You can use the CDAP CLI to issue security commands:

  • To grant a principal privileges to perform certain actions on an entity, use:

    > grant actions <actions> on entity <entity-id> to <principal-type> <principal-name>
    

    where:

    • <actions> is a comma-separated list of privileges, any of READ, WRITE, EXECUTE, or ADMIN.
    • <entity> is of the form <entity-type>:<entity-id>, where <entity-type> is one of namespace, artifact, app, dataset, program, stream, or view.
    • For namespaces, <entity-id> is composed from the namespace, such as namespace:<namespace-name>.
    • For artifacts and apps, <entity-id> is composed of the namespace, entity name, and version, such as <namespace-name>.<artifact-name>.<artifact-version> or <namespace-name>.<app-name>.<app-version>.
    • For programs, <entity-id> includes the application name and the program type: <namespace-name>.<app-name>.<program-type>.<program-name>. <program-type> is one of flow, mapreduce, service, spark, worker, or workflow.
    • For datasets and streams, <entity-id> is the namespace and entity names, such as <namespace-name>.<dataset-name> or <namespace-name>.<stream-name>.
    • For (stream) views, <entity-id> includes the stream that they were created from: <namespace-name>.<stream-name>.<view-name>.
  • To check the results, list the privileges for a principal:

    > list privileges for <principal-type> <principal-name>
    

๐Ÿ”—Authorization Policy Pushdown

Currently, CDAP does not support the pushing of authorization policy grants and revokes to storage providers. As a result, when a user is granted READ or WRITE access on existing datasets or streams, permissions are not updated in the storage providers. The same applies when authorization policies are revoked.
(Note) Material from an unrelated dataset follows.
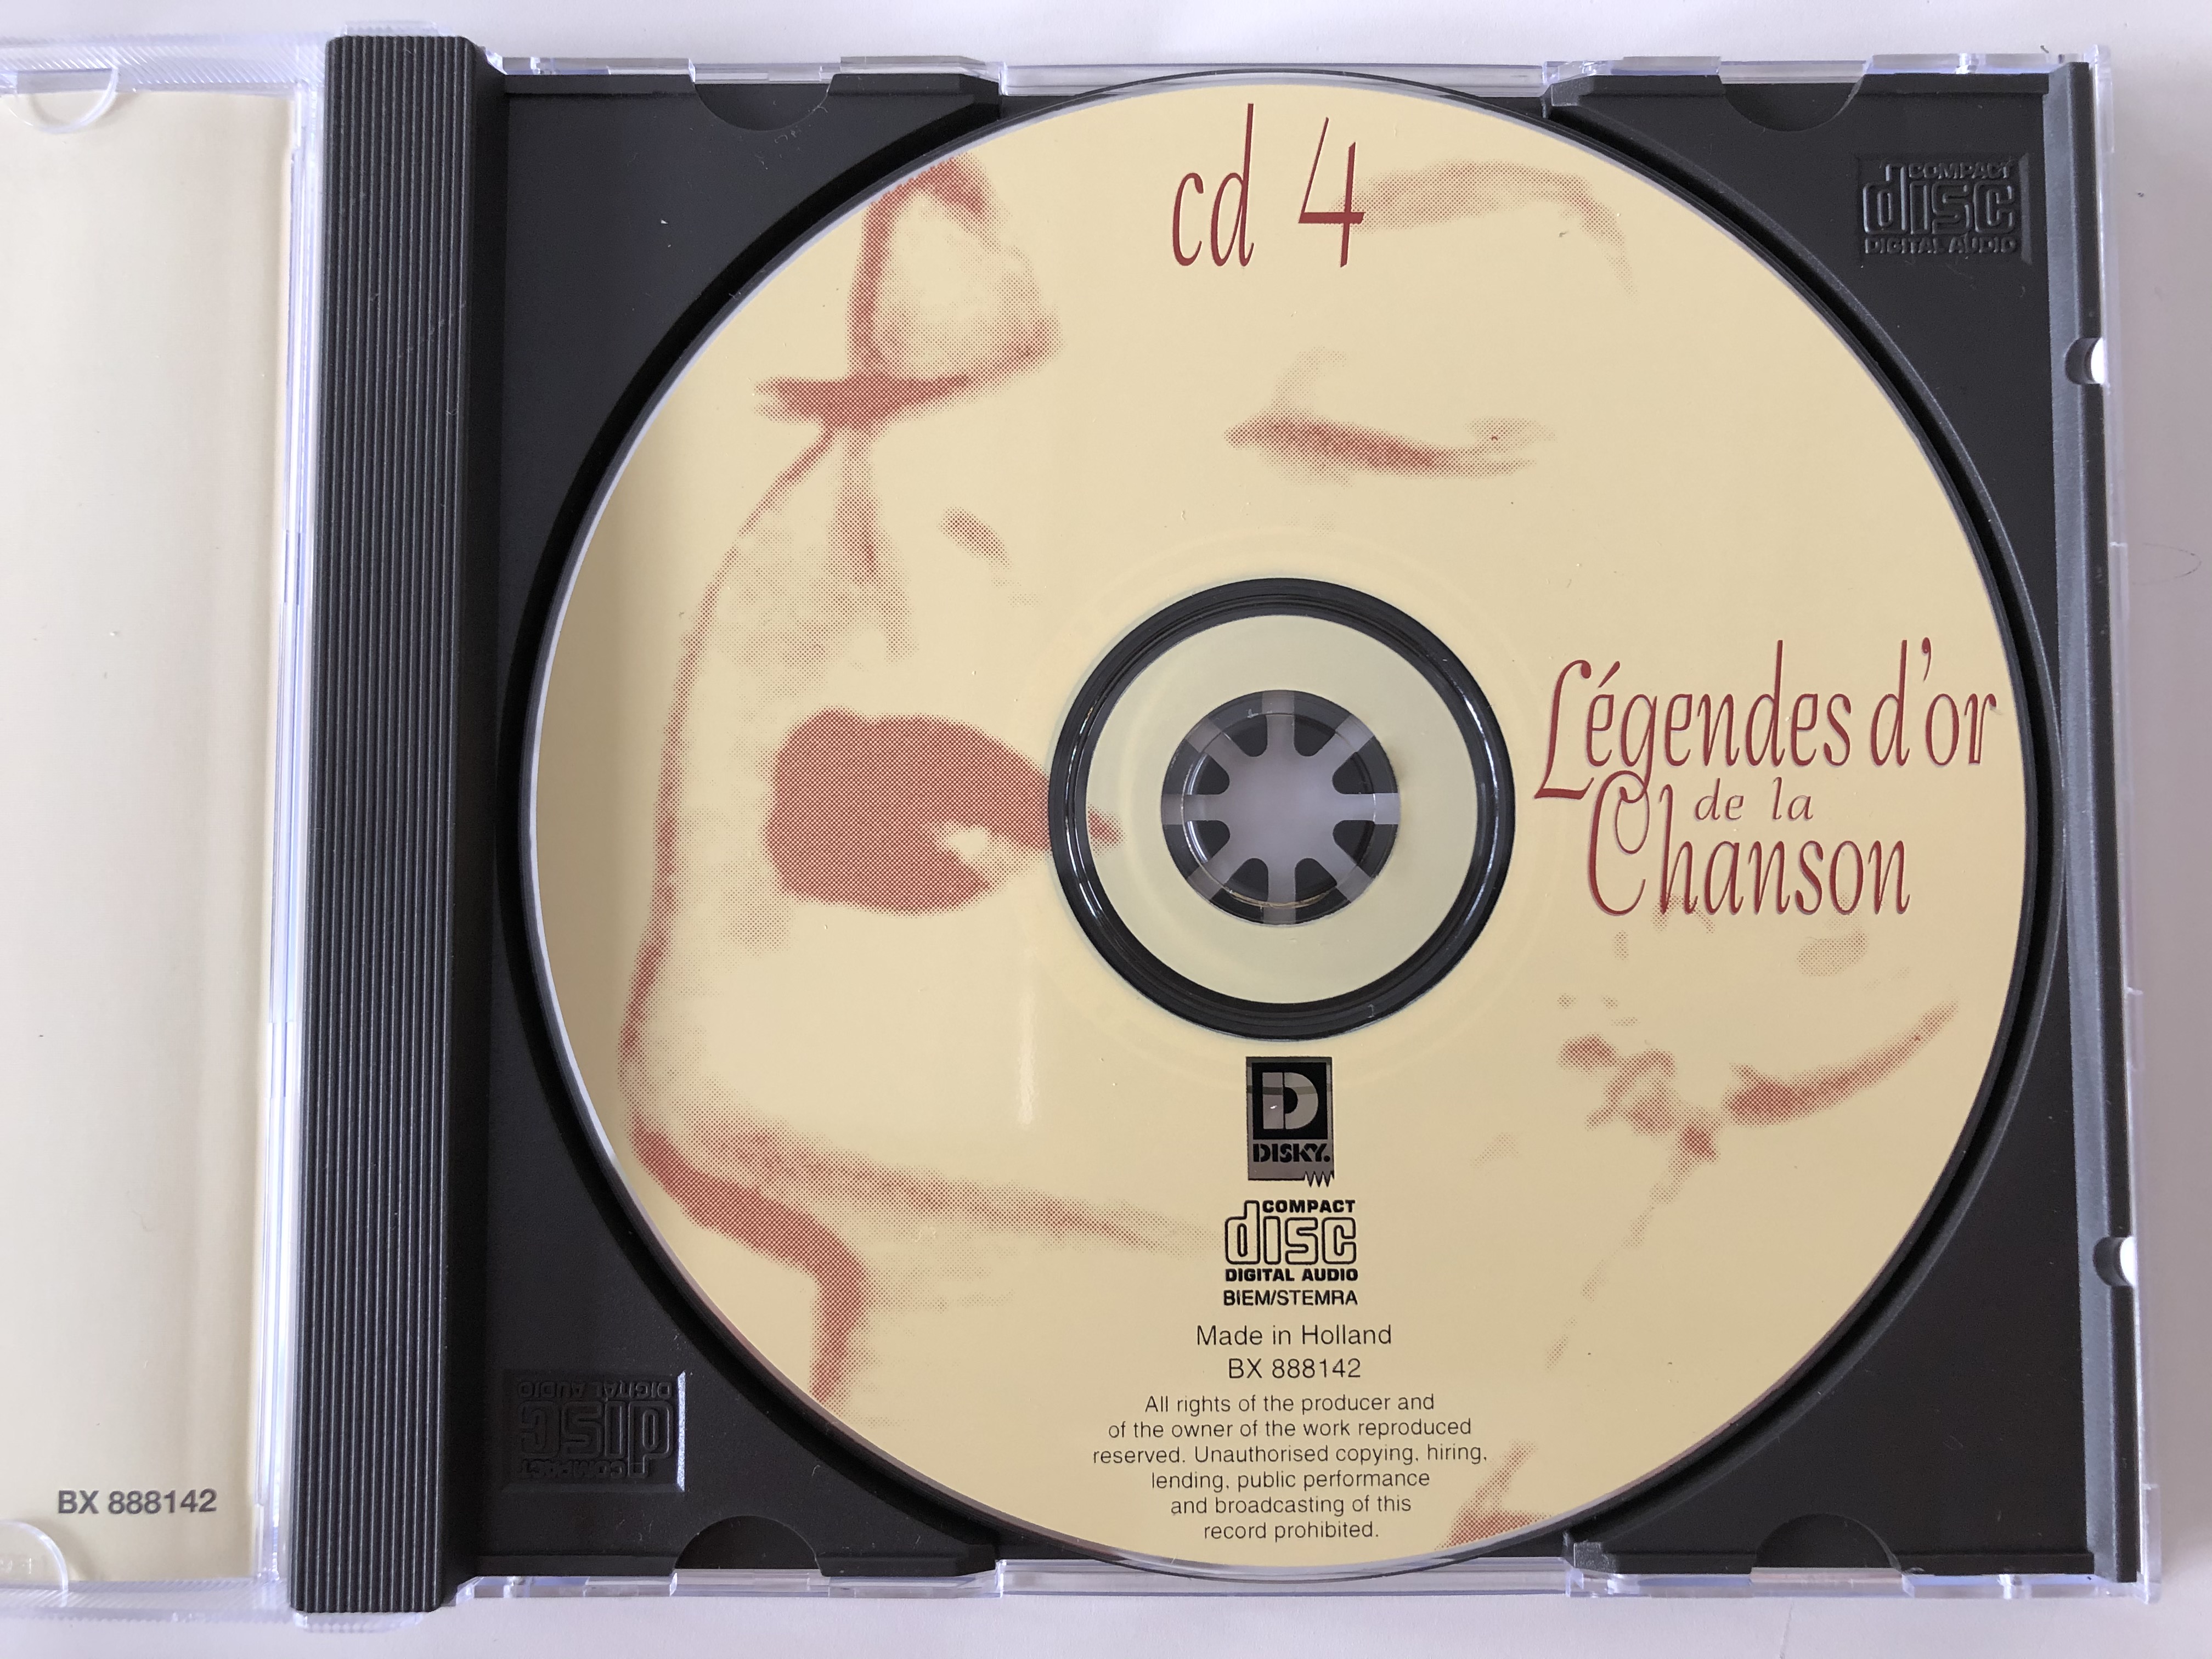 l-gendes-d-or-de-la-chanson-frehel-andre-claveau-edith-piaf-michel-simon-irene-de-trebert-cd-4-disky-audio-cd-1998-bx-888142-3-.jpg

A newly-applied authorization policy will be enforced when the dataset or stream is accessed from CDAP, but not when it is accessed directly in the storage provider. If the pushdown of permissions to storage providers is desired, it needs to be done manually. This will be done automatically in a future release of CDAP.

This limitation has a larger implication when Cross-namespace Dataset Access is used. When accessing a dataset from a different namespace, CDAP currently presumes that the user accessing the dataset has been granted permissions on the dataset in the storage provider prior to accessing the dataset from CDAP.
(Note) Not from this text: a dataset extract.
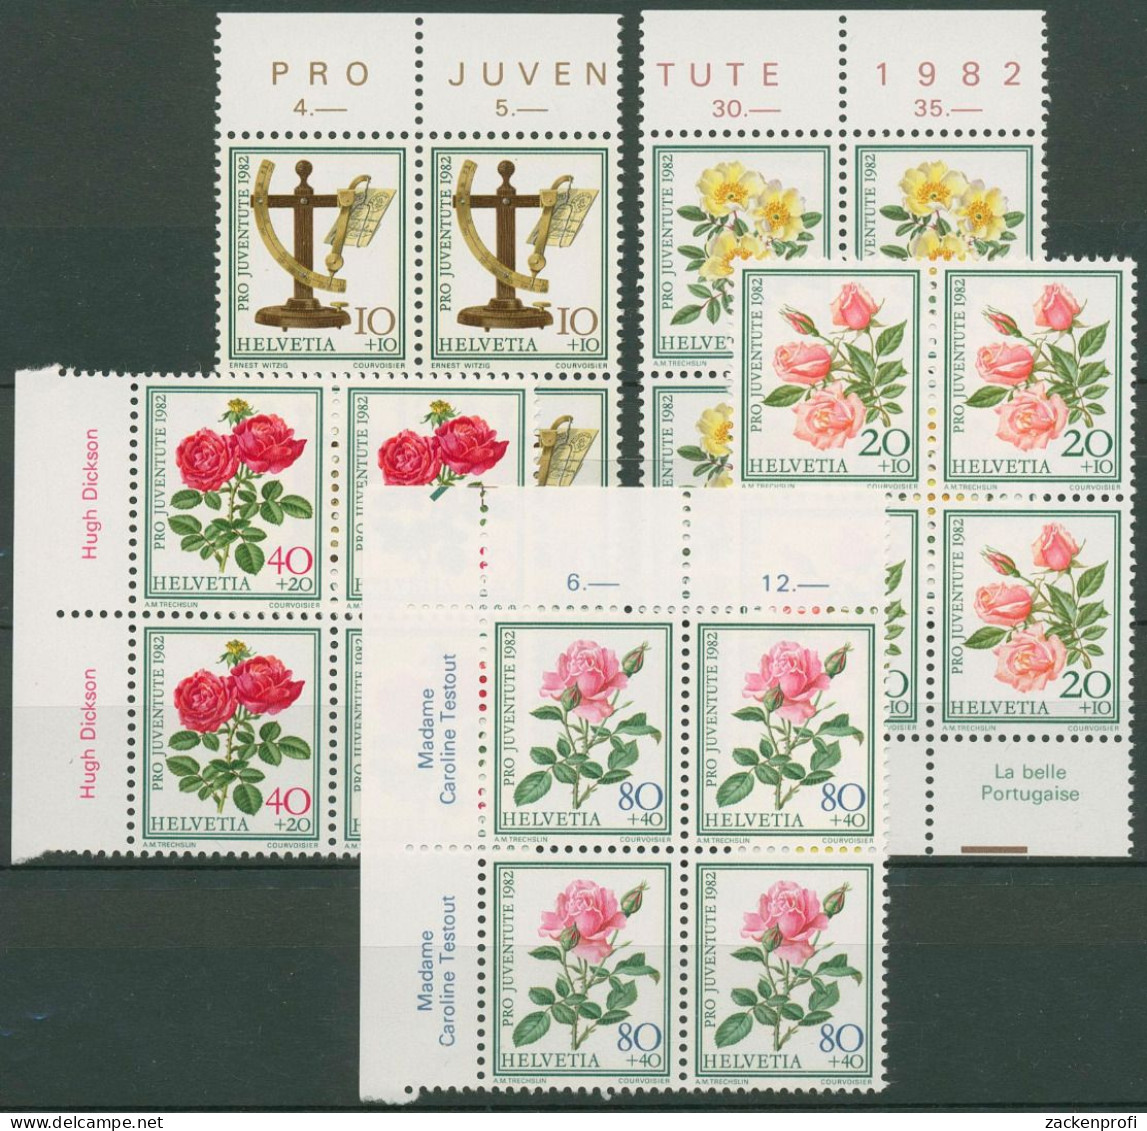 Schweiz 1982 Pro Juventute Pflanzen 1236/40 4er-Block Randbeschriftung Postfri. - Nuevos

For example, if a program in the namespace ns1 tries to access a fileset in the namespace ns2, the user running the program should be granted the appropriate (READ, WRITE, or both) privileges on the fileset. Additionally, the user needs to be granted appropriate permissions on the HDFS directory that the fileset points to. When impersonation is used in the program's namespace, this user is the impersonated user, otherwise it is the user that the CDAP Master runs as.